Persistent Query Controller
The Persistent Query (PQ) Controller, or Controller for short, is the Deephaven service responsible for starting, monitoring, and stopping PQs according to their specified configuration.
The Controller is a critical service. Starting PQs without a Controller is not possible, and if the Controller service halts due to a critical failure, already running PQs will shut down. Deephaven does not allow the execution of PQs outside Controller supervision for risk management reasons, as this would prevent manual or automated intervention to stop them during a production contingency.
Services provided
- Creation, validation, and storage of PQ definitions.
- Runtime control of PQs: automated and on-demand PQ start and stop.
- Management of PQ load balancing and failover via PQ replicas and spares.
- Updates of PQ status and configuration changes to clients interested in listening for PQ configuration and status changes.
Client authentication
Any program requiring Controller services needs to authenticate with the authentication server first. Once authenticated, the program requests an authentication token from the authentication server and provides it to the Controller to prove its credentials. The token is an opaque array of bytes from the client's perspective, which the Controller will validate by doing its own call to the authentication service to confirm the credentials. This operation is referred to as the "three-way handshake" between a client, the authentication server, and another Deephaven service (in this case, the Controller).
Implementation of Fault Tolerance
The Controller service is implemented by a group of servers, one of which is the leader, and the rest, if any, are followers. The number of servers is part of the system configuration and cannot be changed while the system is running; that is, you cannot add an additional controller server while the system is up.

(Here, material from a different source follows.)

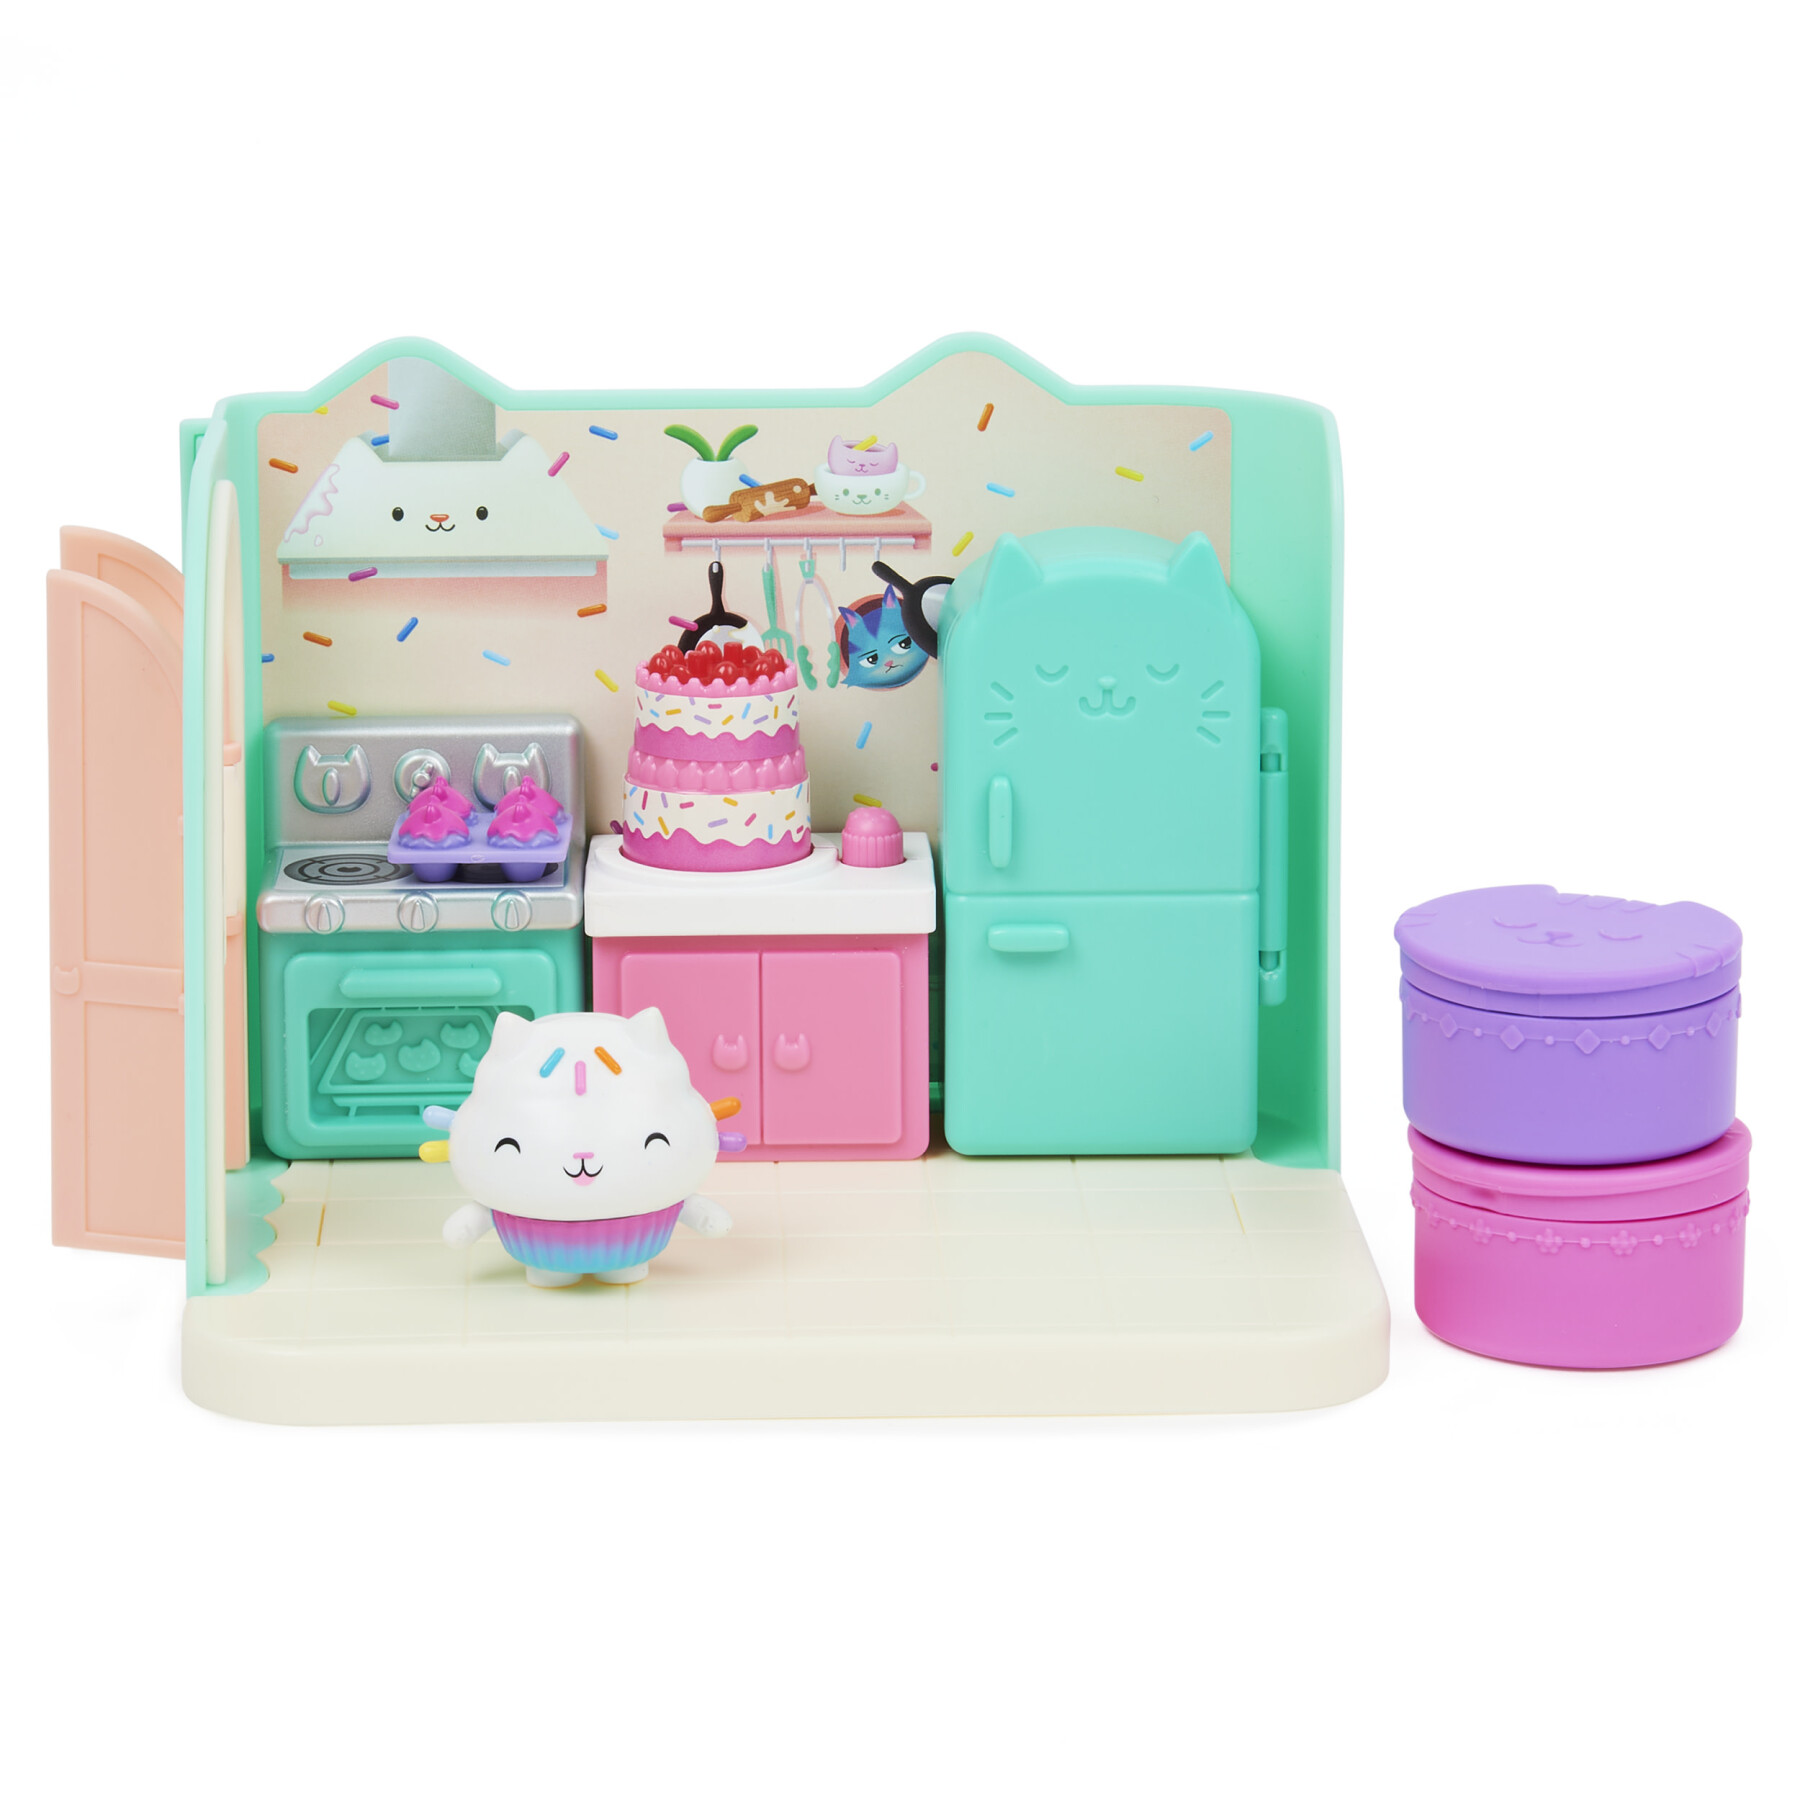 Gabby's dollhouse, la cucina di gattino dolcetto, mini playset stanze della casa, giochi per bambini dai 3 anni in su - GABBY'S DOLLHOUSE

The servers run a master election with the help of etcd, and the one elected acts as the service-only endpoint, servicing all requests, while the remaining servers, if any, go to stand-by mode as followers, still running but not servicing requests. In the event of leader failure, if there are any active followers one of them is promoted to leader and service continues uninterrupted, except for the potential of some client calls taking longer than average (a new election should be resolved in less than 30 seconds).
Note
The controller leader election is not a direct execution of a consensus algorithm, like the one implemented by the etcd servers themselves, but is done with support from etcd. As such:
- There is no restriction on the number of controller servers configured to be an odd number. The Controller service continues to operate as long as there is at least one controller server available (which should automatically become the leader). There is no need for the "half plus one" servers' active consensus, as required by algorithms like Paxos or Raft.
- The suggested number of servers to run in production is three, which allows for surviving one server failure while doing maintenance on another, for a total of two servers down.